The IAF has lost the qualitative edge vis-a-vis the PAF and the PLAAF, and may descend into numerical parity with the PAF for the first time in the near future because of our failure to induct new systems in time and in sufficient quantities. The IAF’s draw down will become critical by 2020 with all MiG 21s, MiG 27s and portions of the Jaguar fleet being phased out. No replacements in sufficient quantities are available as of now. While the Tejas Mk 1 LCA has technologies superior to the JF 17, the fact is that the latter has been in full operational service for some years, whereas the Tejas Mk 1 has not even been deployed and will be obsolescent soon. The Tejas Mk 2 variant is still on paper. One cannot fight a war using an aircraft which has some aspects of advanced technology incorporated but which is not combat-ready and available in very limited numbers. This mess is of our own making. Let alone a limited conflict on two fronts, we will soon lack the capabilities for a single front conflict if the situation is allowed to deteriorate further. Not just our combat fleet, but our helicopter, medium and light transport, intermediate and advanced trainer fleets, SAMs and a whole lot of other systems are obsolete and also not available in required numbers.

The disenchantment of the USA with Pakistan that began in the 1970s came to an end with the policy to counter the Soviet Union in Afghanistan…

At its birth in 1947, the Royal Pakistan Air Force (RPAF) inherited just a few Tempest fighters and Dakota transport aircraft along with some Harvard and Tiger Moth trainers. The Pakistan military in general and the Pakistan Air Force (PAF) in particular languished till May 1954 when Pakistan signed its first defence agreement with the USA. And then, in September 1954, Pakistan became a member of the South East Asian Treaty Organisation (SEATO) which was formed to contain Soviet influence in the region. Pakistan continued to be a member of SEATO till the end of 1971 and was also a member of the Central Treaty Organisation (CENTO) or the Baghdad Pact from its formation in 1955 till its dissolution in 1979.

Membership of the SEATO and CENTO provided the bonanza that the Pakistan military had fantasized about. The PAF rapidly expanded with the induction of F-86 and F-104 fighters, a radar-based Air Defence (AD) system, air-to-air missiles, B 57 bombers, C 130 transport aircraft and T 33 jet trainers. Within about seven years from 1955, the PAF grew from a collection of obsolete weaponry to a modern Air Force equipped with weapons almost equal to those of smaller Western air forces. Given the dominance of the Pakistan Army in the affairs of state from the early 1950s to date, the PAF as well as the Pakistan Navy (PN) has always played and continue to play a subservient role to the Army in both military and political fields. Military domination has been the bane of Pakistan but it has helped in rapid modernisation of the armed forces.
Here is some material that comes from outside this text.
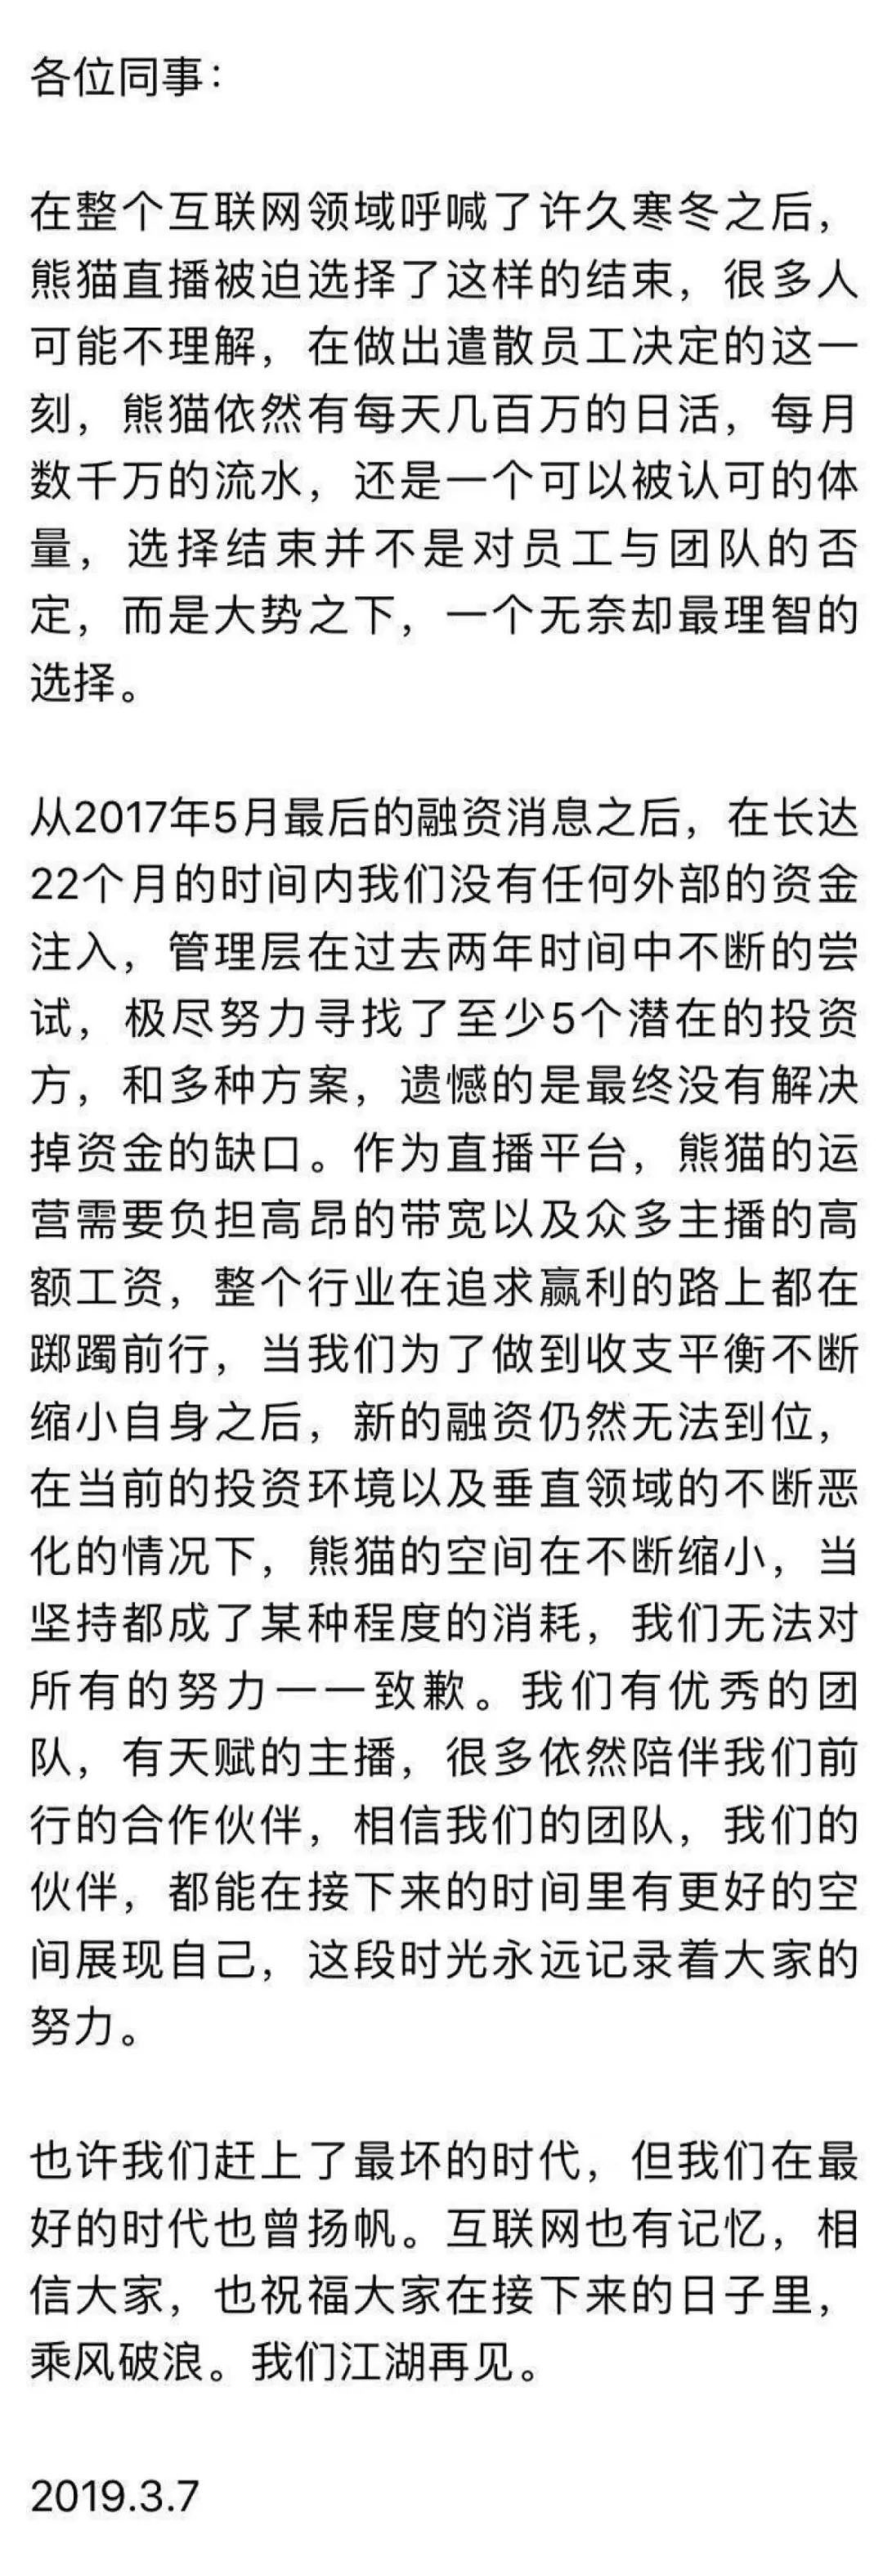 8点1氪：联想：杨元庆“高通5G强于华为”一文系造谣；熊猫直播宣布结束；BOSS直聘报告：去年中国女性薪酬不及男性8成 - 6

The main benefit that accrued to Pakistan from its SEATO membership was access to Western systems and training programmes as also participation in exercises with US, British and other NATO forces. PAF pilots were attached to the USAF and RAF flying squadrons for relatively long tenures. PAF squadrons participated in multinational exercises and two generations of personnel were trained abroad at no cost. The resultant exposure was invaluable. In contrast, the Indian military had limited exposure to outside forces and concepts and even this was confined to a few courses attended by individual officers. The Indian armed forces and the Indian Air Force (IAF) in particular, never got the chance to participate in multinational exercises till around 2004-2005 except for a brief exposure in 1963 during the Shiksha Air Defence Exercise.

The PAF has around 450 combat aircraft of four types, distributed in around 20 Squadrons… …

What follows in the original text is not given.